Now we know how to combine two numbers with multiplication, and we know how to combine two numbers with addition, but how do multiplication and addition interact?

Multiplication First:

It is an unfortunate truth that multiplication and addition do not get along as well with each other as addition gets along with addition and multiplication gets along with multiplication. Since both are associative 2+3+4 is unambiguously 9, and 2*3*4 is unambiguously 24. However 2+3*4 takes different values depending on if you interpret it as (2+3)*4, which is 20, or 2+(3*4), which is 14. So, to resolve this ambiguity, we decree that multiplication occurs before addition. This is a common convention upon which we agree, rather than a mathematical truth which we discover, but we should stick with it nonetheless. So, things within parenthesis happen before things outside of them and multiplication happens before addition, these are conventions by which we must agree to live.

Distribution

The other interesting way in which addition and multiplication interact is called distribution. Consider 2(3+4), which is 2*7 or 14. This is the same value as 2*3+2*4 which, since we know to multiply before we add, is 6+8 or still 14. This is not a coincidence, when we switch from doing addition first to doing multiplication first, we must make sure that we multiply both values in the sum by 2. Consider if you had two bank accounts, into one you deposited a certain amount of money each month to save up for a vacation, and into the other you deposited a different amount of money to save for a rainy day.
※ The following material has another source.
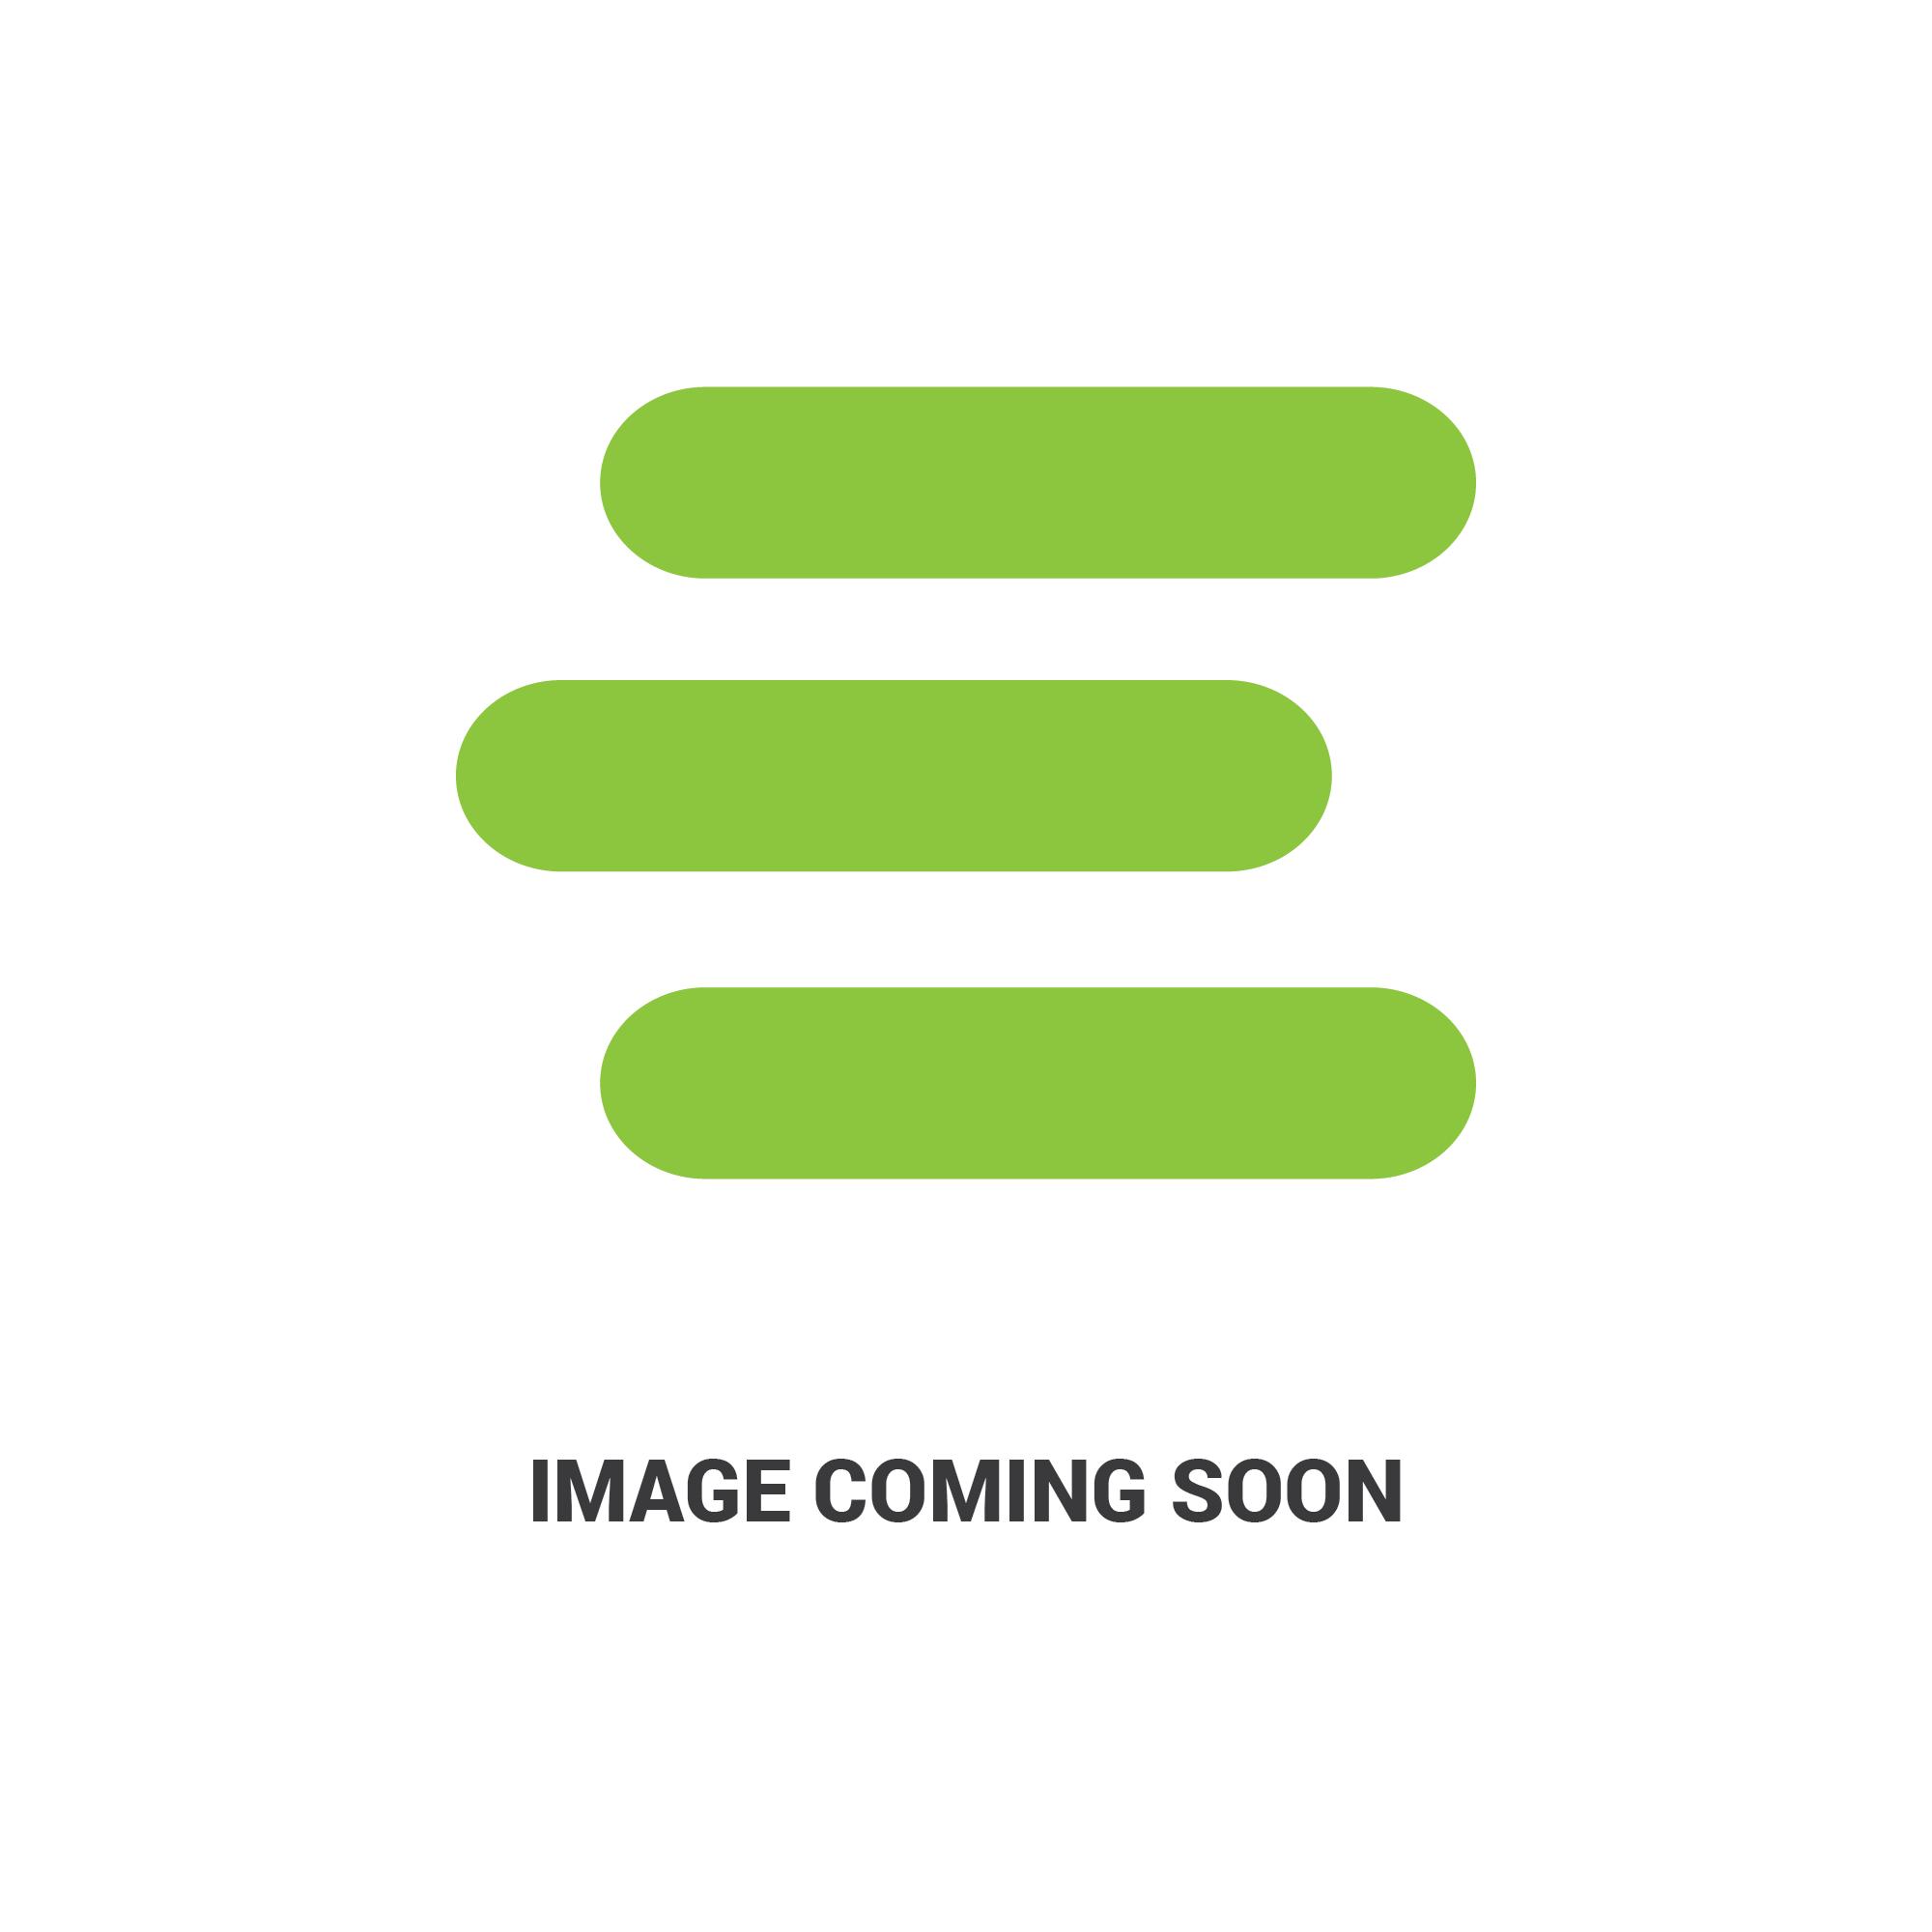 E-15241-320921968_1.jpg

If, after three months, you wished to know how much money was in the accounts total, you could find out in two different ways. You could first figure out how much you deposited each month, by adding the amounts going into each account together, then multiply this monthly deposit size by 3, this way you add first. You could also figure out how much money was in each account individually after three months, by multiplying the deposit to each account by 3 separately, then add these account totals together to obtain the overall total, this way you multiply first. Notice that in the second case, the amount of money you put into the first account must be multiplied by 3 and the amount you put into the second account must be multiplied by 3, we say that the 3 is distributed to each of them.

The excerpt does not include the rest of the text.